Grymes would then point out that Miller’s witnesses had said that Sally Miller was twelve when Anthony Williams left her with Miller in August 1822, making her fifteen when Lafayette was born. Surely, this was the more likely scenario. The only logical conclusion to draw from the disparities in their ages was that Salomé Müller and Sally Miller were not the same person.
Upton took Sally into the corridor outside the courtroom. Well, was it true? he asked. No, it wasn’t, she replied. Lafayette was born much later than 1825. She couldn’t say when, but it was much later. He was never called Jean. The midwife at Lafayette’s birth was Madame Bertrand and she would confirm what she was saying. She would know when Lafayette was born, because she kept a book of all the births she attended.
Well, what about the baptism? Upton asked. She had never been to any baptism
for Lafayette, she replied. She knew nothing about him being baptized. Upton examined his copy of the certificate. There was nothing to suggest that either she or Yellow Jim had been present. He recalled Rosalie Labarre’s evidence—she hadn’t claimed that the parents had been there. This didn’t surprise him. In Louisiana, a master might well arrange for slave children to be baptized without the knowledge of their parents. A baptism, in addition to its religious significance, had the secondary and important purpose of creating a record of ownership on a document of impeccable authority.

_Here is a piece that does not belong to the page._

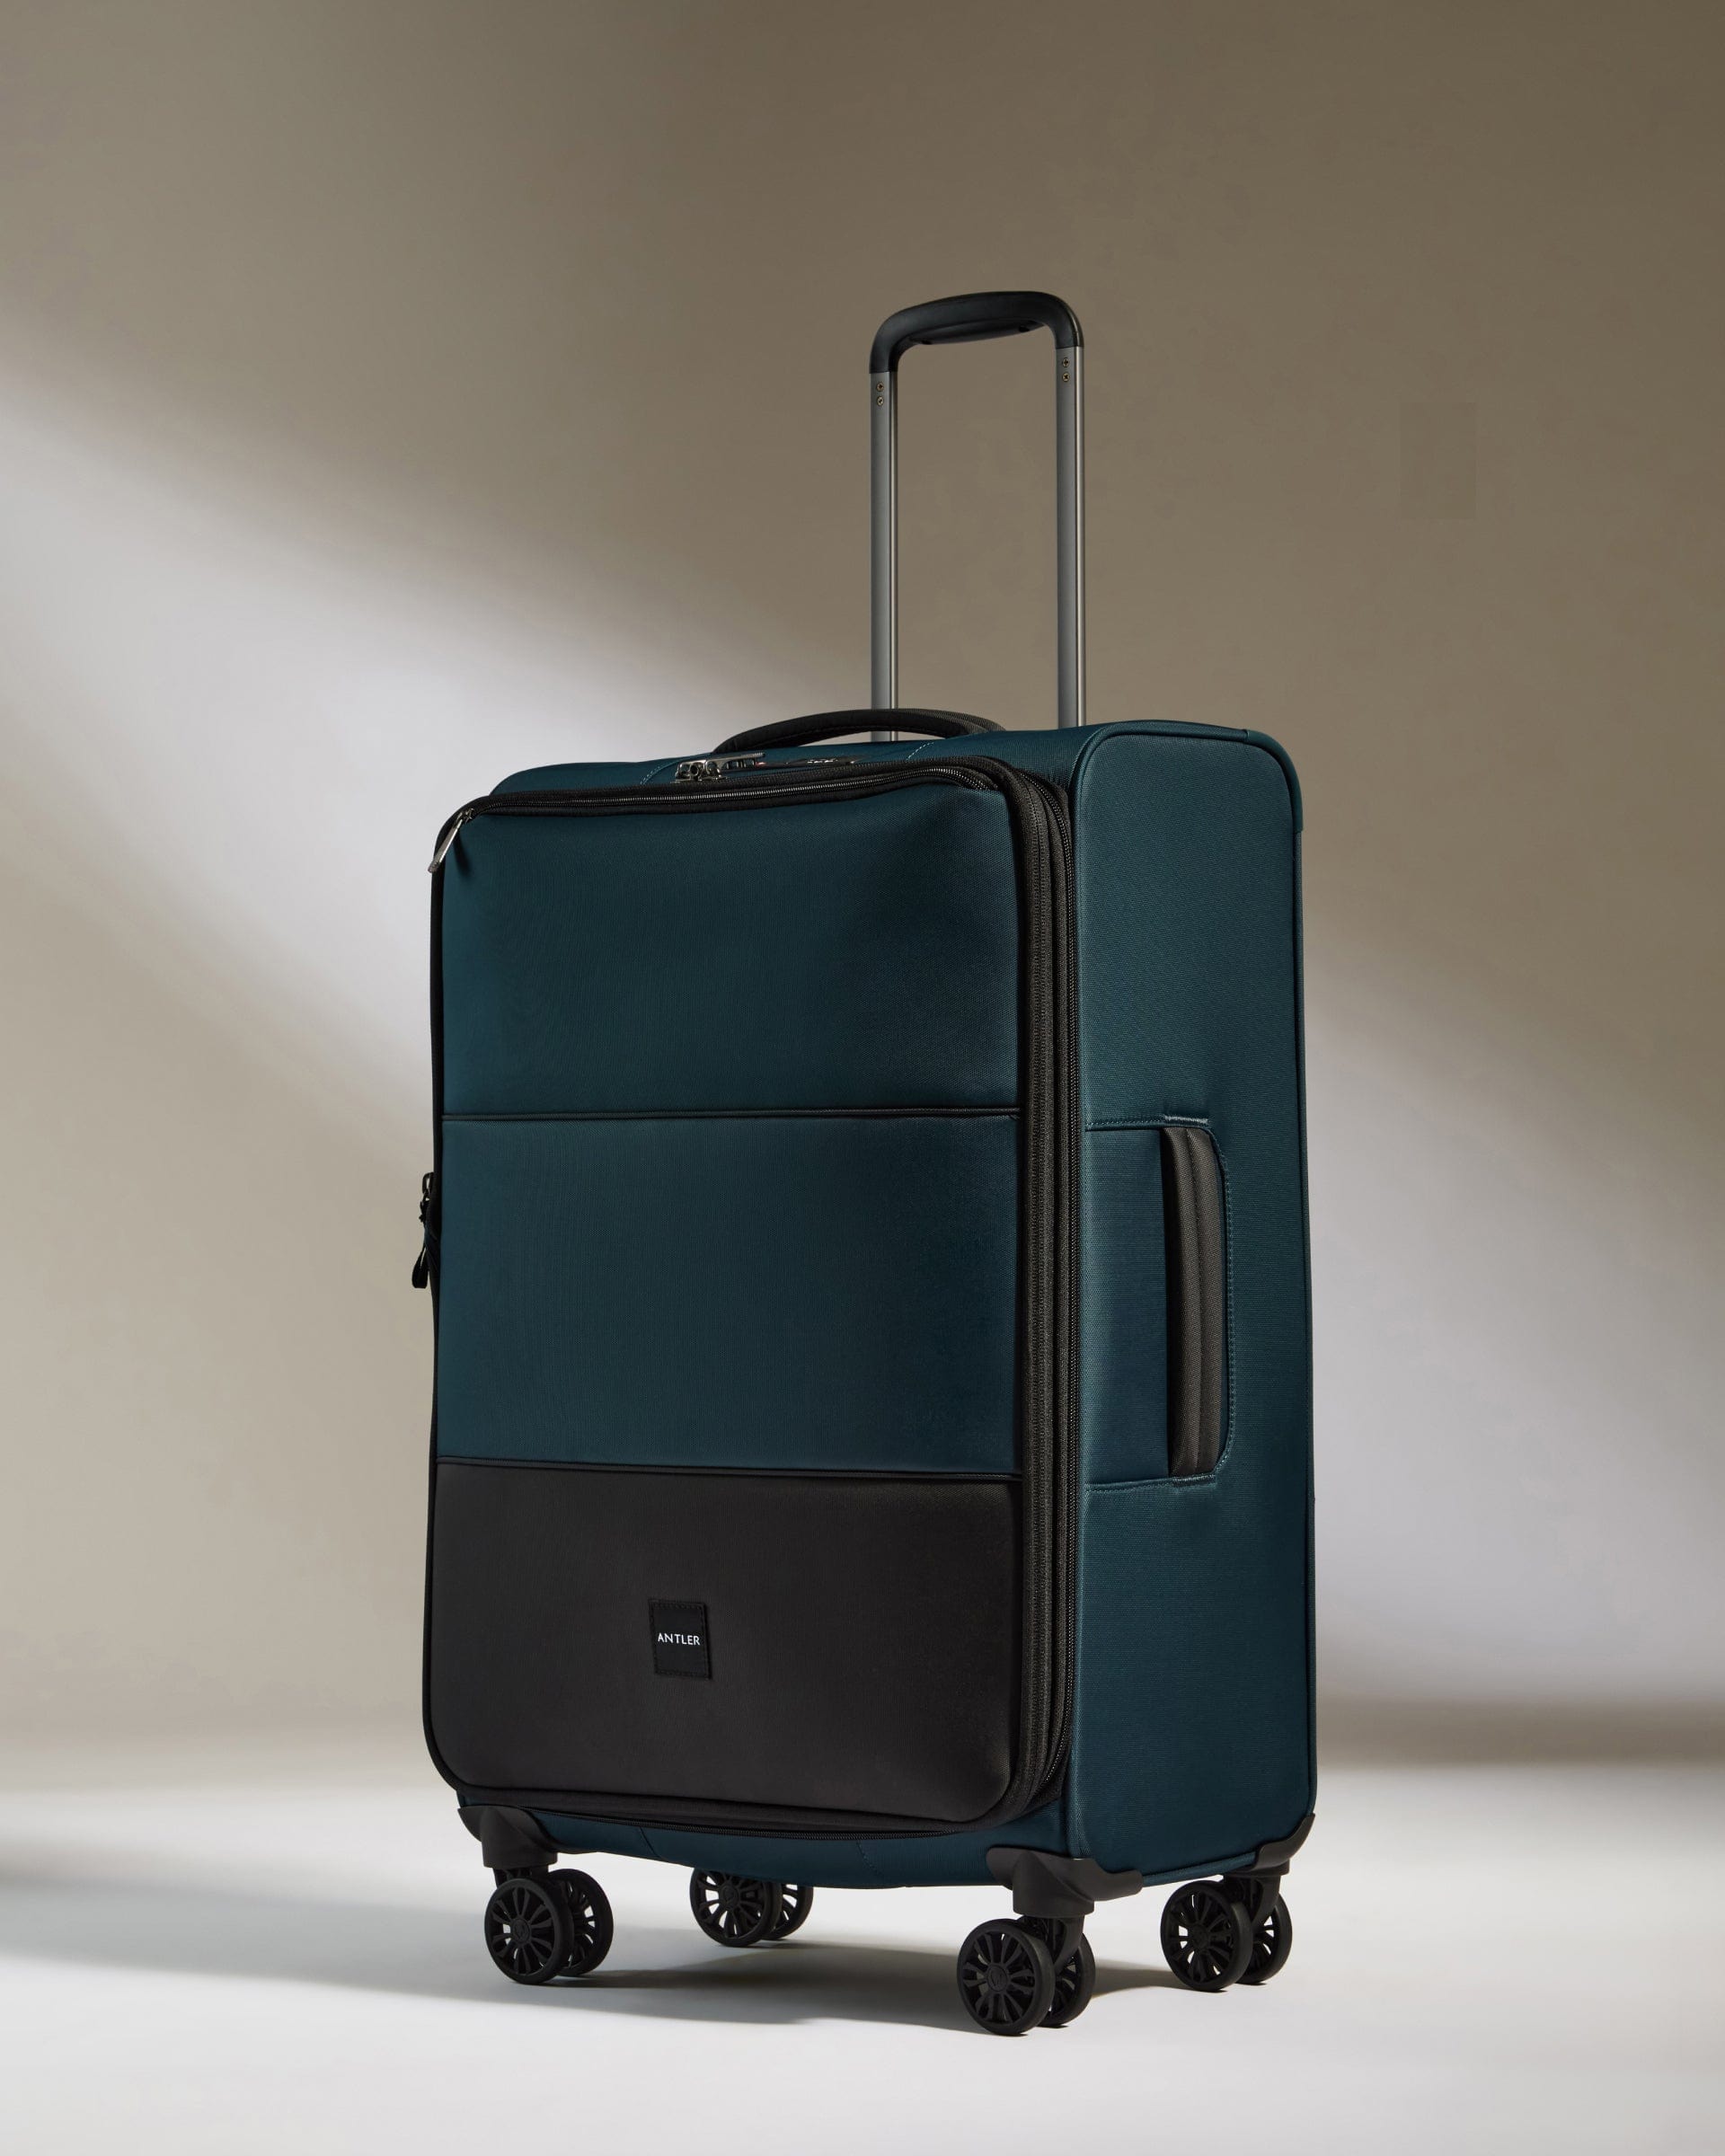 View Antler Soft Stripe Medium Suitcase In Indigo Size 28cm x 71cm x 435cm information

When the court resumed, Upton began his cross-examination of Rosalie Labarre. He asked her why she had been chosen as the godmother of Lafayette. She didn’t know; perhaps it was because she lived closest to the sawmill. Upton suggested that she had given evidence against Sally Miller because she bore her ill will. This, she denied. She was a friend and still was. Never had she quarreled with her. He asked her how old Mary was when she gave birth to Lafayette. Madame Labarre replied that she was about thirteen. How could she be sure? Because she was there when the child was born. And so was Mrs. Canby. Another woman, whose name she didn’t know, was also present. Upton asked her if she knew who the father was. It was Jim Miller, she said. Had she seen any marks on the legs of Mary Miller while the baby was being born? No, she hadn’t.
Upton sat down. He realized that he hadn’t greatly diminished Madame Labarre’s evidence but he could think of nothing more to ask her.
Grymes then proposed that the extract of the record of the baptism of Lafayette Miller be accepted into the court record. Upton objected, but Buchanan received it anyway.
Grymes had only one question of Madame Labarre in reexamination. He asked her to look at the woman seated next to Mr. Upton. Could she be sure she was the same person she knew as Mary Miller?
Madame Labarre looked at Sally Miller. Yes, she said, it was the same person.